Gaitskhoki V S, L'vov V M, Puchkova L V, Schwartzman A L, Neifakh S A
Mol Cell Biochem. 1981 Mar 27;35(3):171-82. doi: 10.1007/BF02357087.
Highly purified ceruloplasmin mRNA was isolated from rat liver polyribosomes. The molecular weight of ceruloplasmin mRNA is in a range from 1.05 to 1.25 . 10(6) daltons which is large enough to code for a putative precursor of ceruloplasmin (approximately 700 amino acid acids). Ceruloplasmin mRNA contains 3'-terminal poly(A) the length of which varies from 38 to 165 nucleotides. The 5'-end of ceruloplasmin mRNA is blocked with confronting m7G residue which is a component of cap I (m7G5'ppp5'XmpAp).

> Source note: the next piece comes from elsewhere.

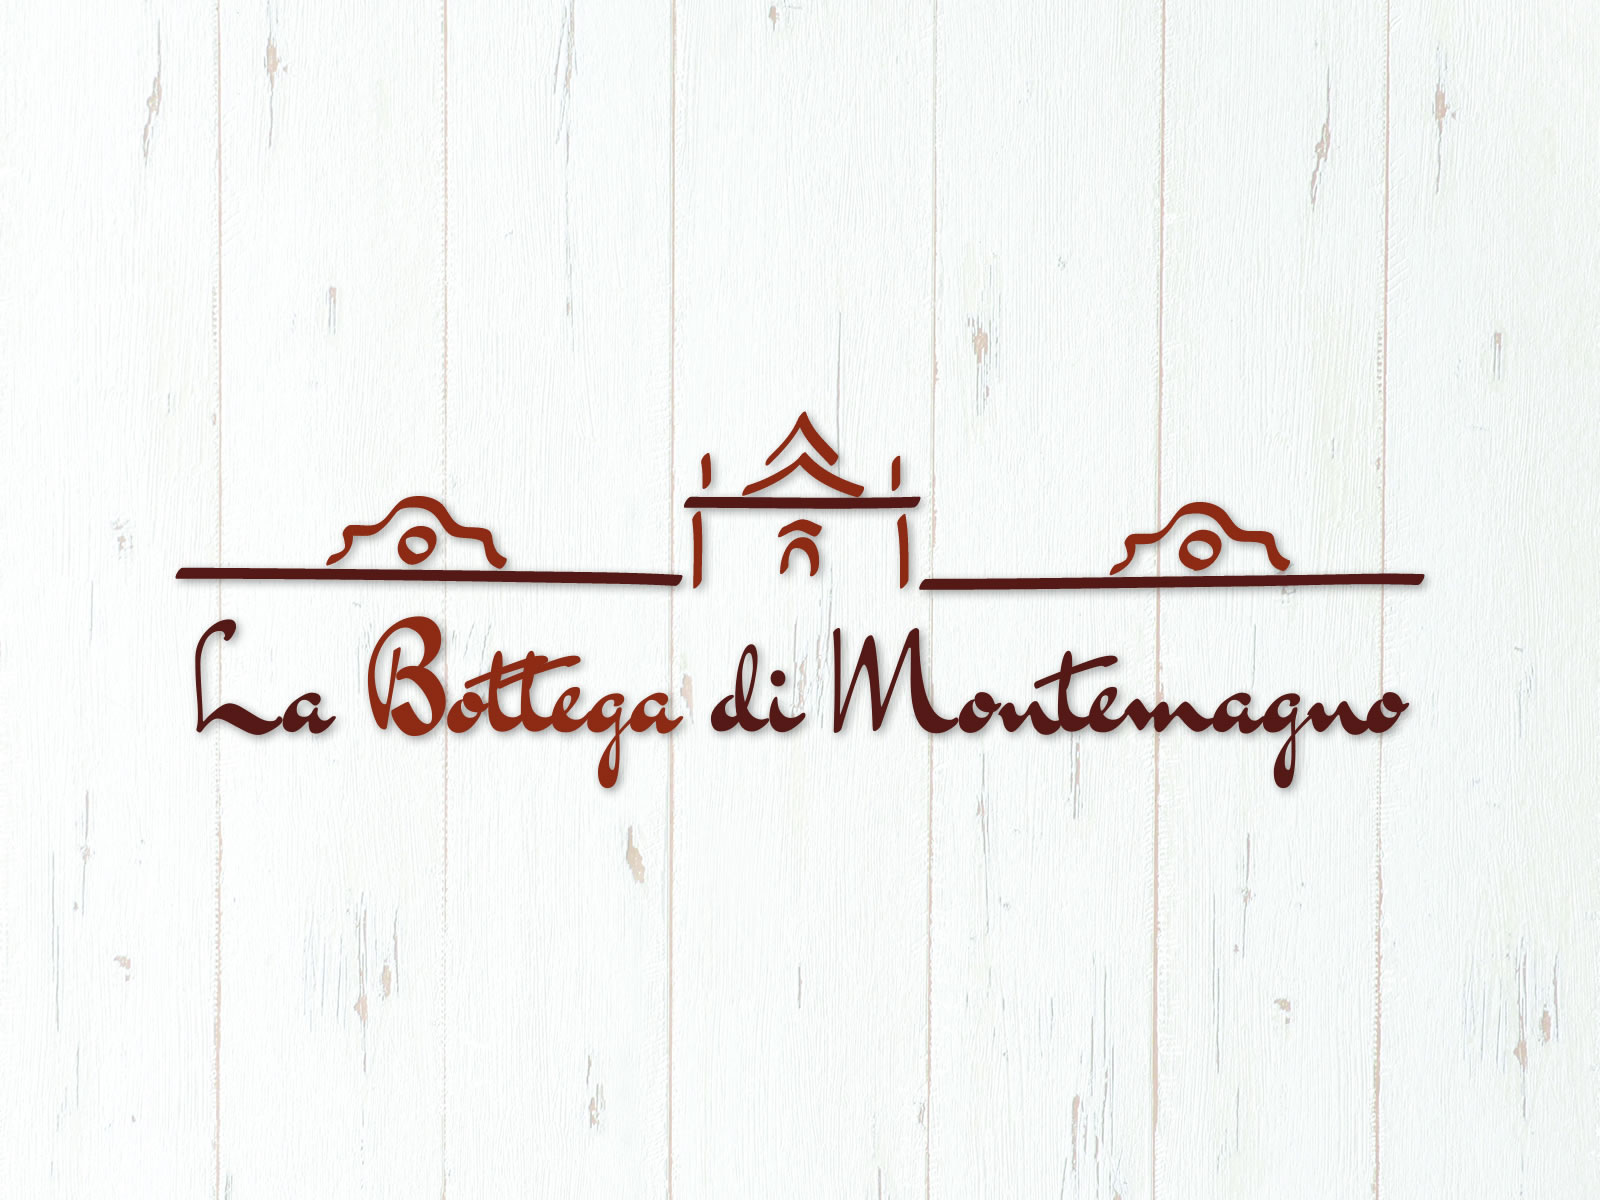 La Bottega di Montemagno - Logo

The addition of ceruloplasmin mRNA to wheat-germ cell free system programmed the synthesis of a product that was largely precipitated by anti-ceruloplasmin immunoglobulins. The translation product was homogeneous in polyacrylamide gel-sodium dodecylsulfate electrophoresis. Cell-free translation of ceruloplasmin mRNA was sensitive to inhibition by cap analogue.

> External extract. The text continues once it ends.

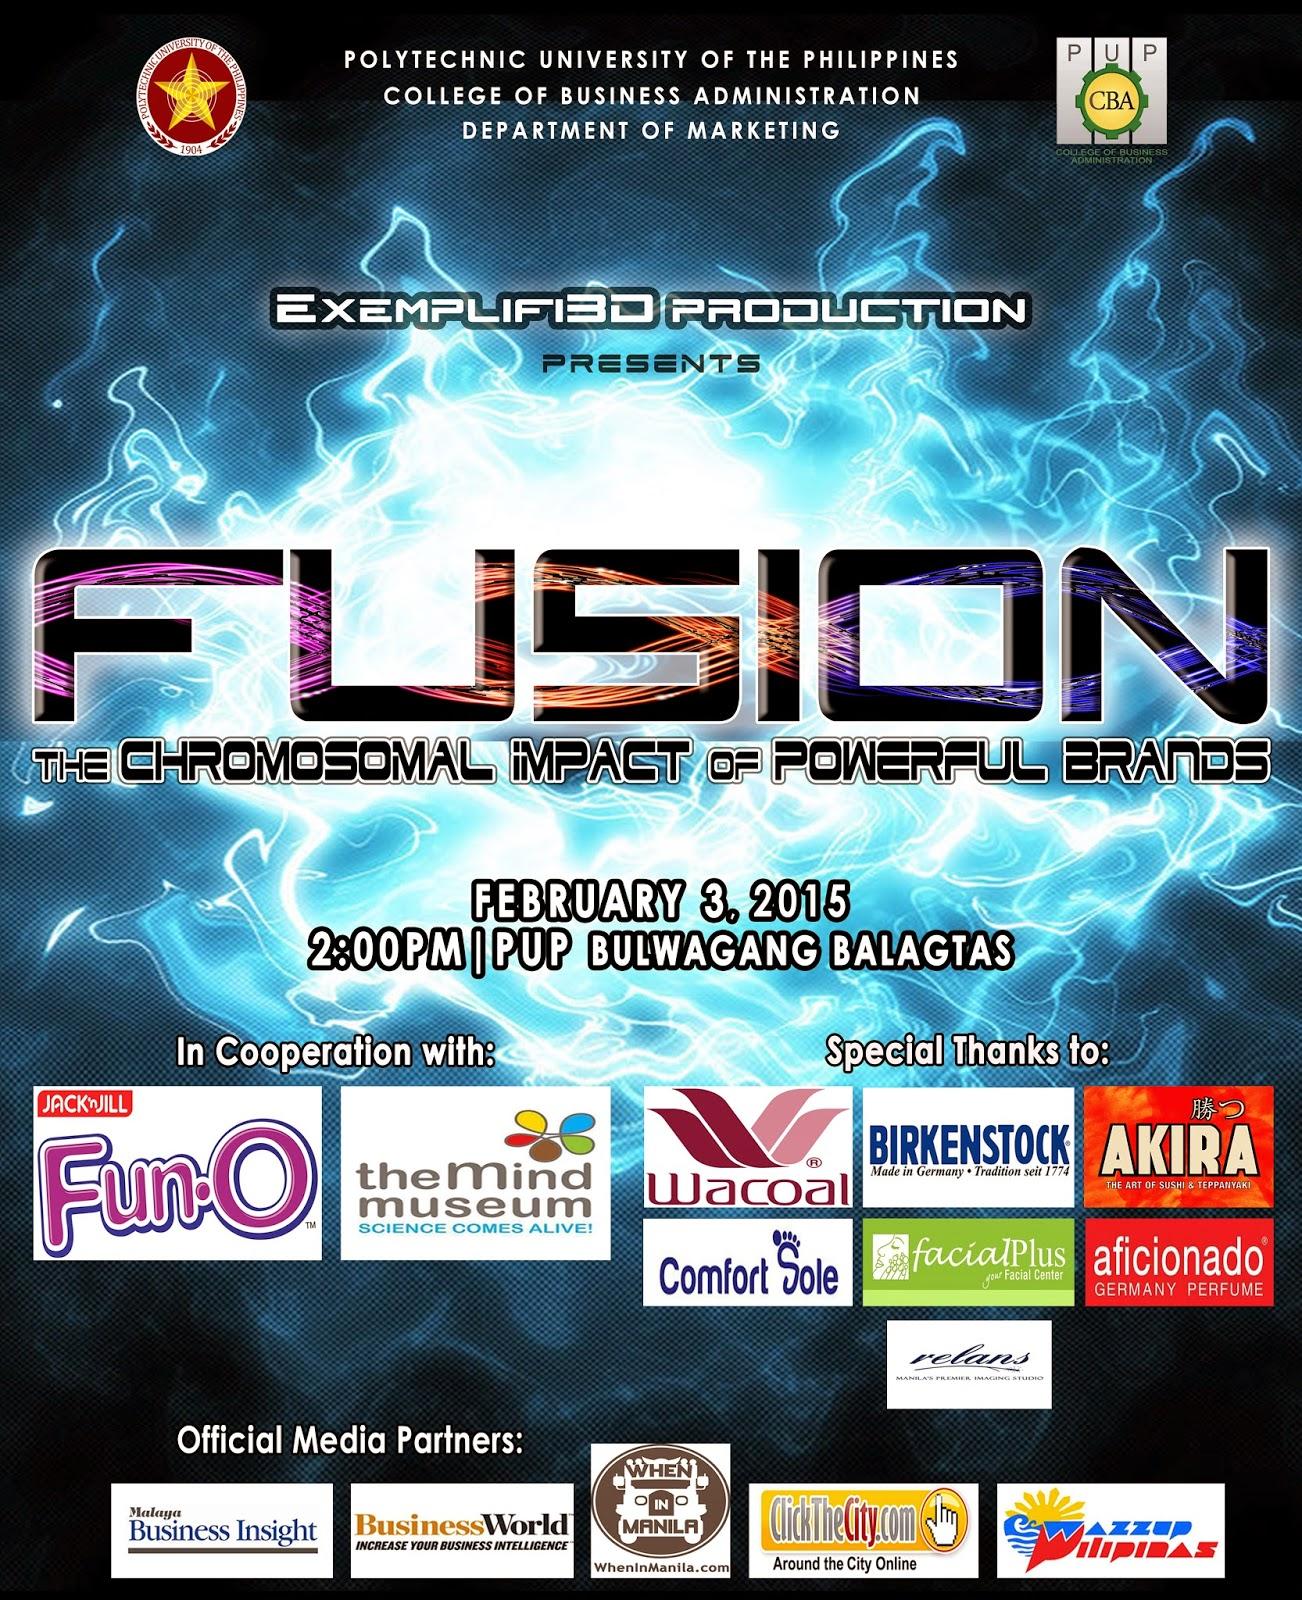 d21b26d3245b Fusion  The Chromosomal Impact of Powerful Brands

从大鼠肝脏多核糖体中分离出高度纯化的铜蓝蛋白信使核糖核酸。铜蓝蛋白信使核糖核酸的分子量在1.05至1.25×10⁶道尔顿范围内,这足以编码铜蓝蛋白的假定前体(约700个氨基酸)。铜蓝蛋白信使核糖核酸含有3'-末端多聚腺苷酸,其长度在38至165个核苷酸之间变化。铜蓝蛋白信使核糖核酸的5'-末端被与帽I(m⁷G5'ppp5'XmpAp)成分相对的m⁷G残基封闭。将铜蓝蛋白信使核糖核酸添加到无细胞小麦胚芽系统中可促使合成一种主要被抗铜蓝蛋白免疫球蛋白沉淀的产物。该翻译产物在聚丙烯酰胺凝胶-十二烷基硫酸钠电泳中是均一的。铜蓝蛋白信使核糖核酸的无细胞翻译对帽类似物的抑制敏感。